Он открыл метод японских свеч и вывел список фигур. Зеленая свеча – рост курса, красная – его падение. Пробежал названия диаграмм: «Вечерняя звезда», «Длинноногий дожи», «Брошенный младенец»…
– Как, однако, красиво!
Стал открывать, одна за одной диаграммы. Стал сравнивать с тем, что хаотично бежало на графике. В какой-то момент ему показалось, что бессмысленный боковой тренд постепенно сходит на нет и в основании намечается разворот. Он почувствовал легкую дрожь и стал подбирать фигуры. Та из них, что легла легче других, называлась «Просвет в облаках». Он усмехнулся. При нисходящем тренде за длинной красной свечой был ясно виден разрыв, и падение вниз на открытии следующей сессии казалось неоспоримым. И даже эта сессия завершалась сильной зеленой свечой с ценой закрытия выше середины тела предыдущей красной.
Какой-то радостный и одновременно безжалостный импульс, словно бы уже проламывал, наконец, корку паралича, сдавливающего его все эти дни. И, словно бы вдохновляясь этой ясной и неумолимой праздничной мощью, Евгений стремительно вошел в рынок с короткой.
Он решил поставить почти все, что осталось, взяв кредитное плечо в двести.
И, словно бы подчиняясь какому-то другому, неумолимому и беспощадному закону, цена медленно поползла… вниз. Евгений не поверил своим глазам. Как будто на него уже обрушивалась гора, и оставались только какие-то считанные миги, чтобы успеть выброситься из-под этой рушащейся на него громады. Он стал судорожно подставлять диаграммы, оставшиеся в списке, в последней попытке угадать, что же это за фигура так зловеще проступает напоследок из хаоса. Замигала иконка предупреждения о рисках. Раздался звуковой сигнал. Но он все продолжал и продолжал мучительно и бессмысленно подставлять. И вдруг понял, что надо же успеть продать, пусть в полный минус, но… Но было уже поздно. Подчиняясь закону неумолимого среднего, цена падала. И маленькое красное свечное тельце уже злорадно отбрасывало длинную и темную безжалостную тень…
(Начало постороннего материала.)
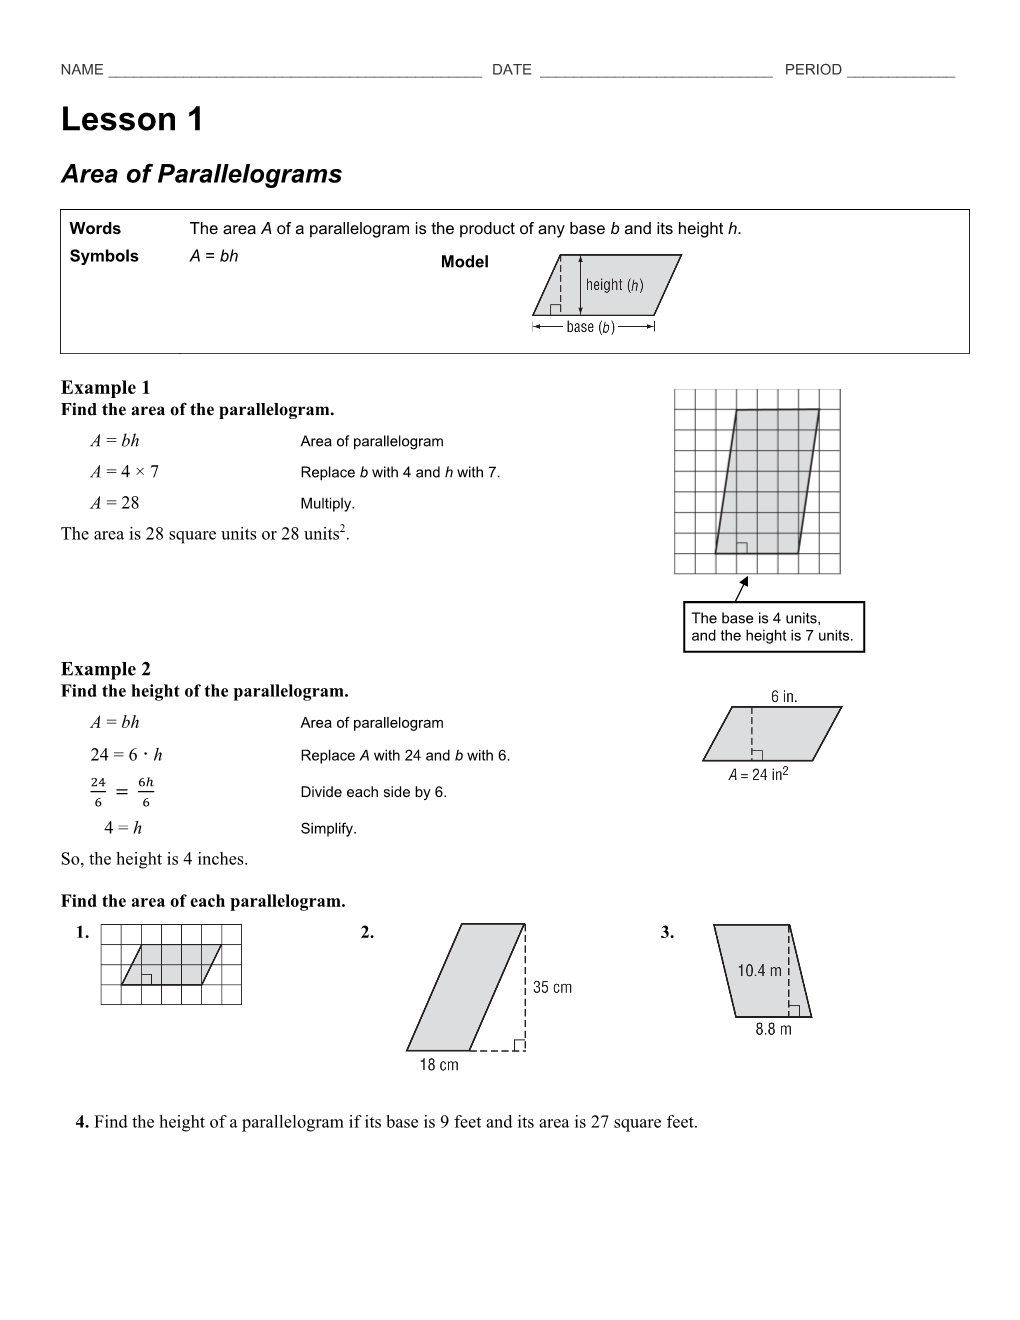 Lesson 9 Surface Area of Triangular Prisms

Диаграмма называлась «Повешенный».
10
Собственно, было три возможности уйти, три, не считая мучительных. Застрелиться. Украсть у сутенера пистолет и выстрелить себе в голову. Наверное, это самое прекрасное. Яркая вспышка… Обрыв ассоциаций. Остановка образов. Просветление. И завершение. Вот и весь гештальт. И не нужно никакого круга. Никогда больше не думать, не представлять, как ее муж делает это с другой, как он с наслаждением входит в тело другой и как он в ней оживает. И как потом мучительно возвращается сюда, бледный и сам себя ненавидящий и ложится с ней, со своей женой, и отворачивается к стенке, и как потом возвышенно пишет в файле Livejournal,[11] что любит их обеих, зная, что она обязательно прочтет… Или второе – выпить таблетки, что-нибудь из цианидов, натощак…. Нет, таблетки – это, наверное, слишком медленно. Захочется вернуться из этой постепенно размягчающей и засасывающей мглы. Пока не поздно. А будет поздно. Тогда, может быть, третье? Украсть у отца ключи, открыть и завести машину, выехать на загородное шоссе и заскользить все быстрее и быстрее под влажным (и в то же время сухим) взором сверкающей Луны. И, наконец, врезаться. В опору моста, в налетающий КАМАЗ, в поезд, в дом, в железобетонную стену, в цистерну с нефтью… А лучше всего в кровать… В их кровать!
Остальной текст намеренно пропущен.